Almost always true perhaps, but I have yet to hear about eve na single VC army making it out of the prelims...

To be honest, every report I've read as of last night from various forums, VC's got absolutely murdered hard-core this year!
TK's also didn't show at all, but I expect that t ochange come the semi's as they have some very scary options now...
Wood Elves also avoid the 'ard boyz for the most part, as do alot of brets.

If you statement was 100% true, then these armies would have stood at least a solid chance instead of just getting horribly butchered silly.
Instead so far I've heard of pretty much just the following armies made it on through;
- lizzies
- high elves
- dark elves
- ogres!!! (nice surprise - congrats on the achivement!)
- warriors of chaos
- daemons
- skaven
- orcs&gobbos

'Ard Boyz at least provides us with a good example of the books that are able to reliably compete, compared to those that could use some solid help...

Cheers!


----------



## Vaz (Mar 19, 2008)

Tomb Kings can make a decent showing where there magic can happily take effect at 3K +.

With the exception of SCC, previous army strengths are less so - Scorpion and Ushabti for example; yet others are shining - even Horde Spearmen; but being overpriced and weak counter magic is not too fantastic.


----------



## mynameisgrax (Sep 25, 2009)

I don't know about VC in this past Ard Boyz, but I've seen them to VERY well at competitive tournaments, and did extremely well at the local colonial GT, that had 60+ players. The secret to using them competitively is to exploit either (or both) the lore of death and/or the lore of vampires, and field a TON of ghouls. 

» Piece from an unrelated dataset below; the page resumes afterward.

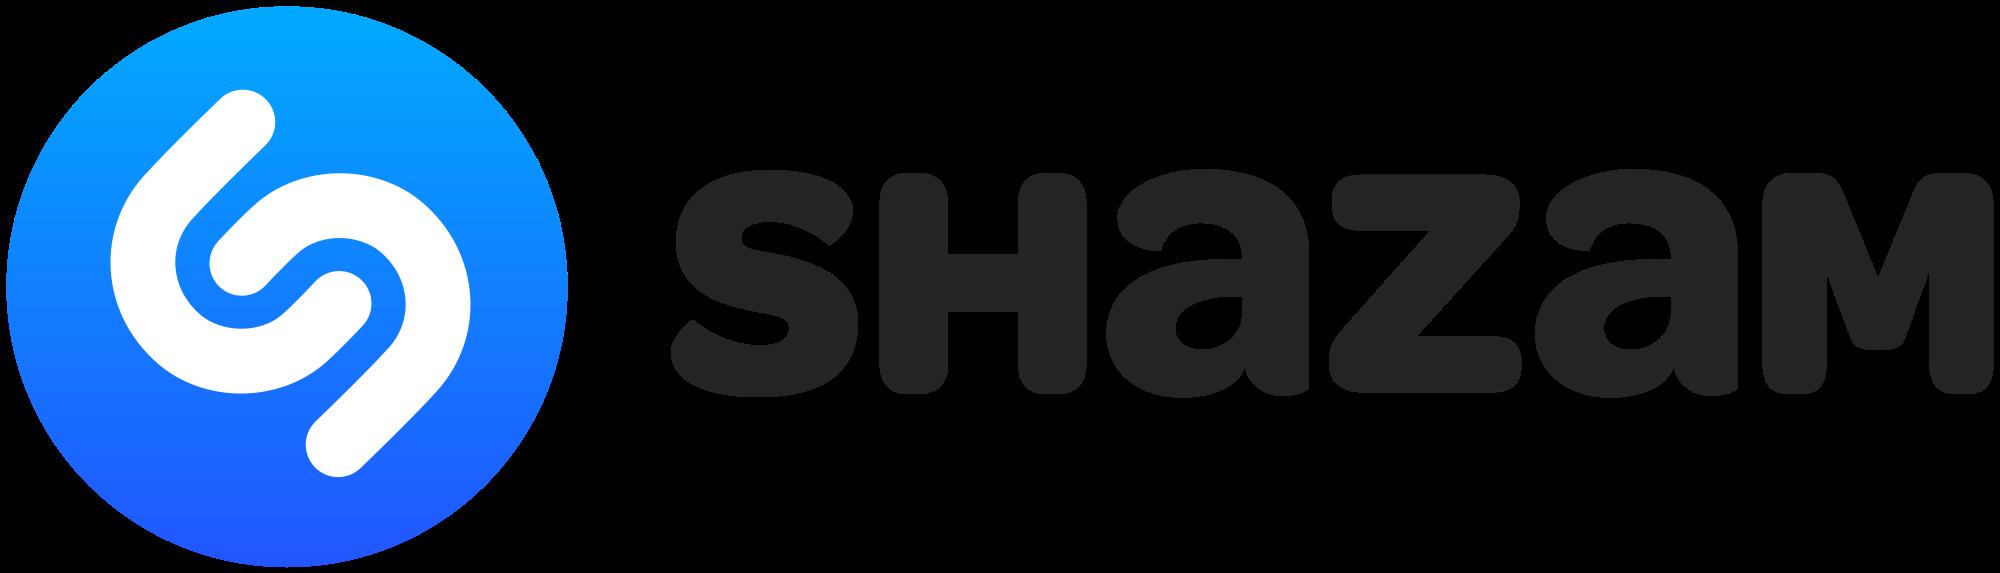 https://routecatering.co.uk/wp-content/uploads/2018/02/Shazam_logo.png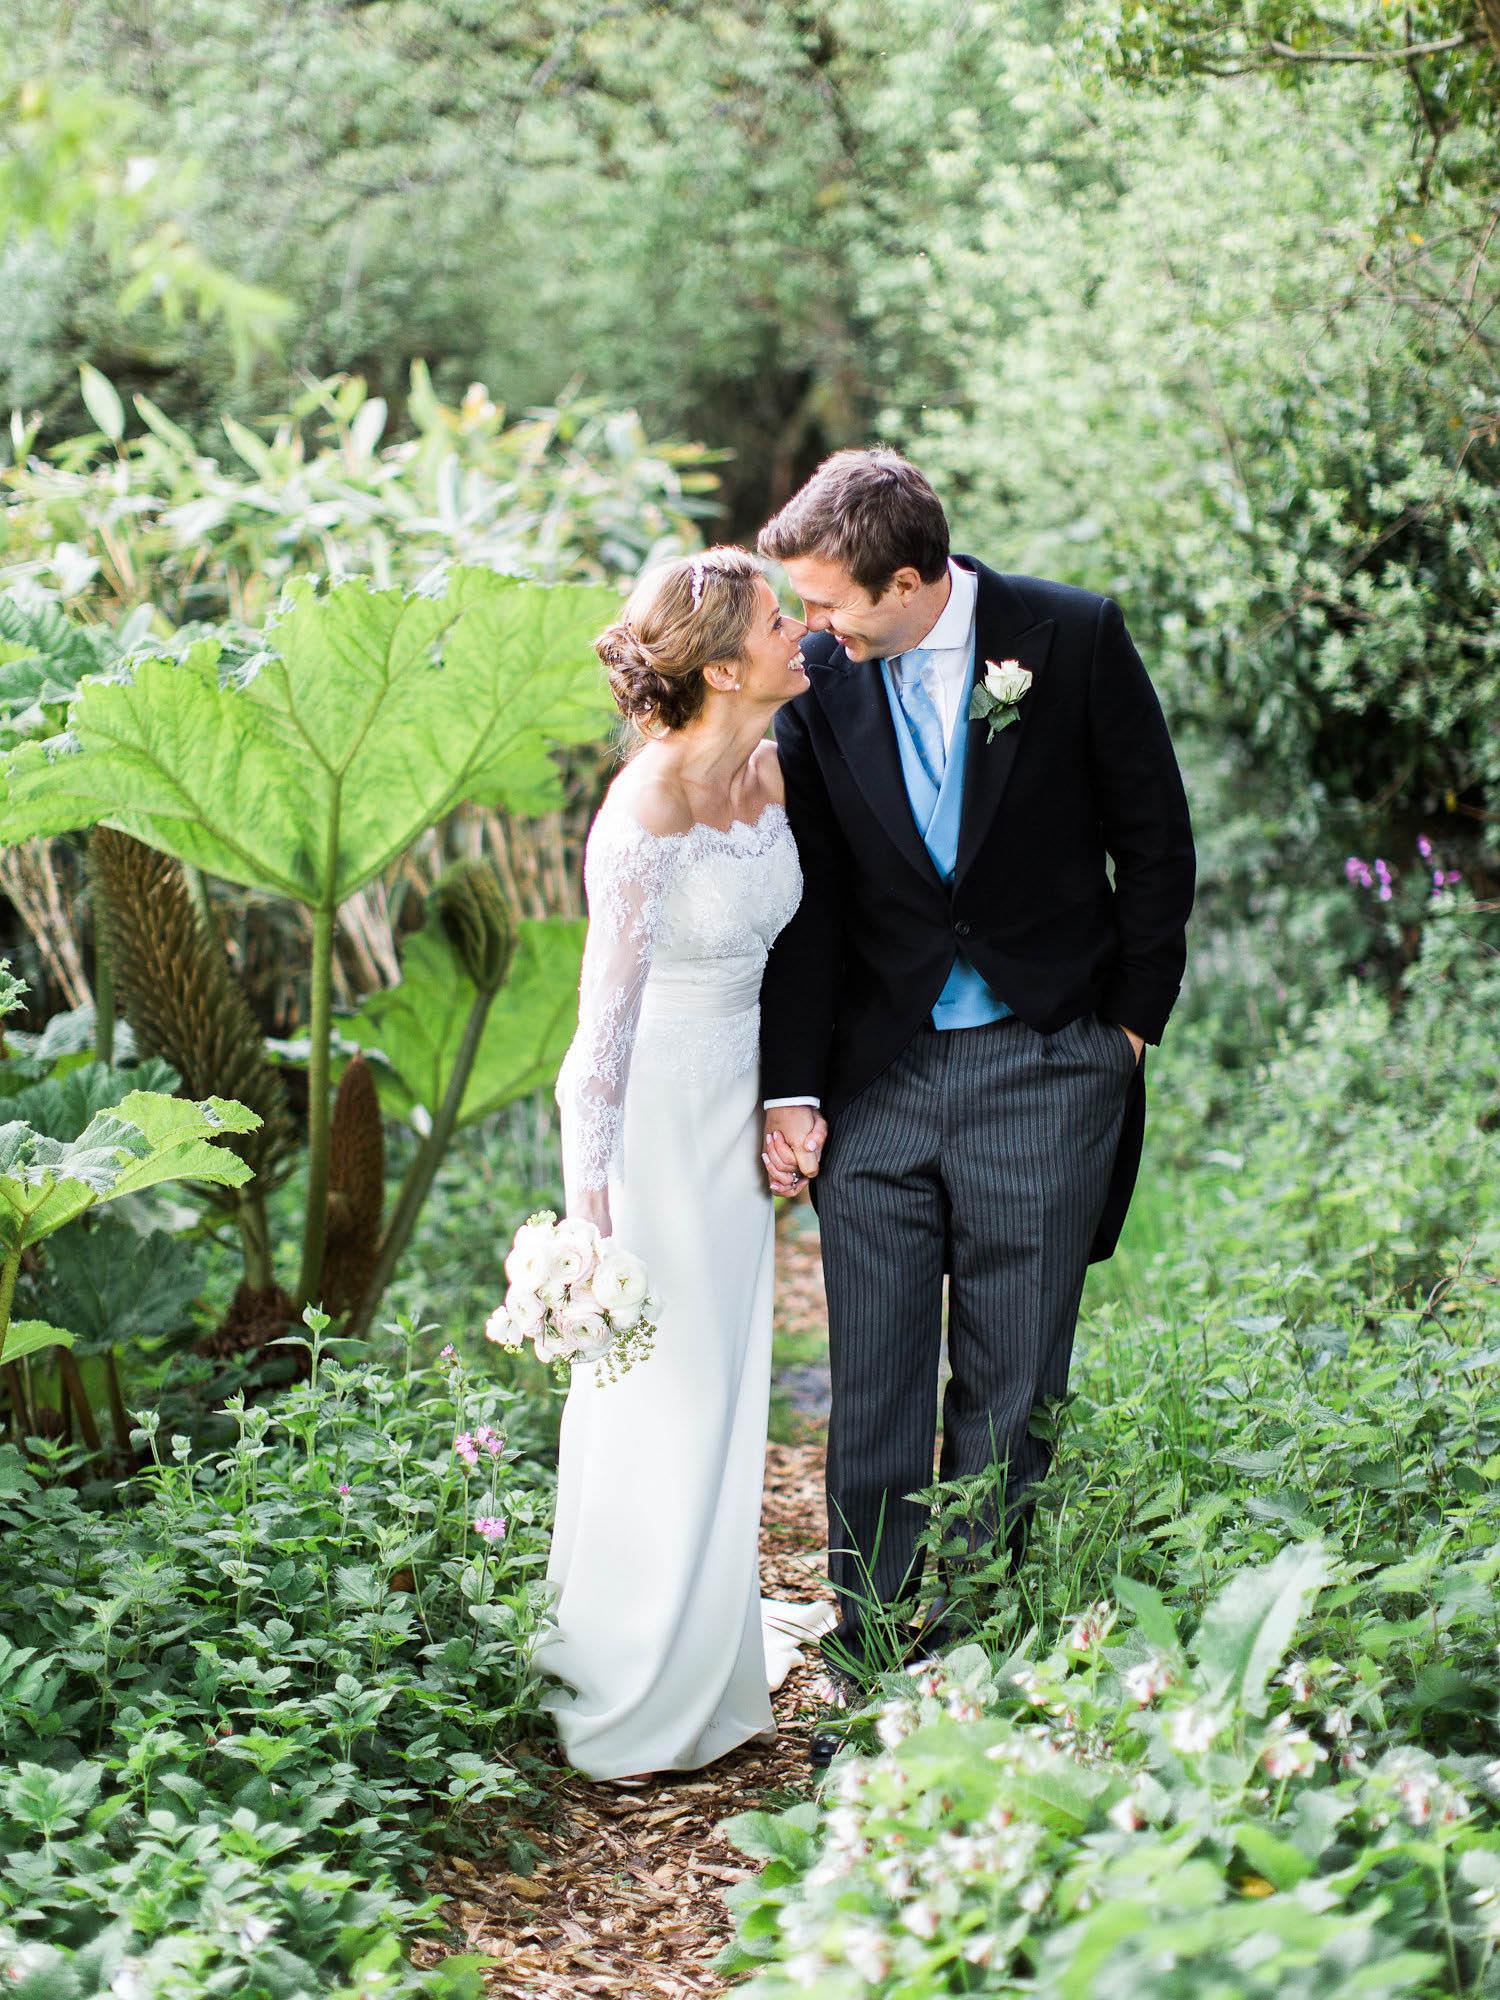 Amy O'Boyle Photography- Destination & UK Fine Art Film Wedding Photographer- English Countryside Wedding-16.jpg

Then you either spam purple sun or danse macabre, and make sure the majority of your opponent's army is either crippled, locked in combat with ghouls, or both.

Brets also often do well at very high point levels, because it allows them to use very large formations of their best knights in lance formation. They did quite well last year, although again, I'm not sure how they did this year.


----------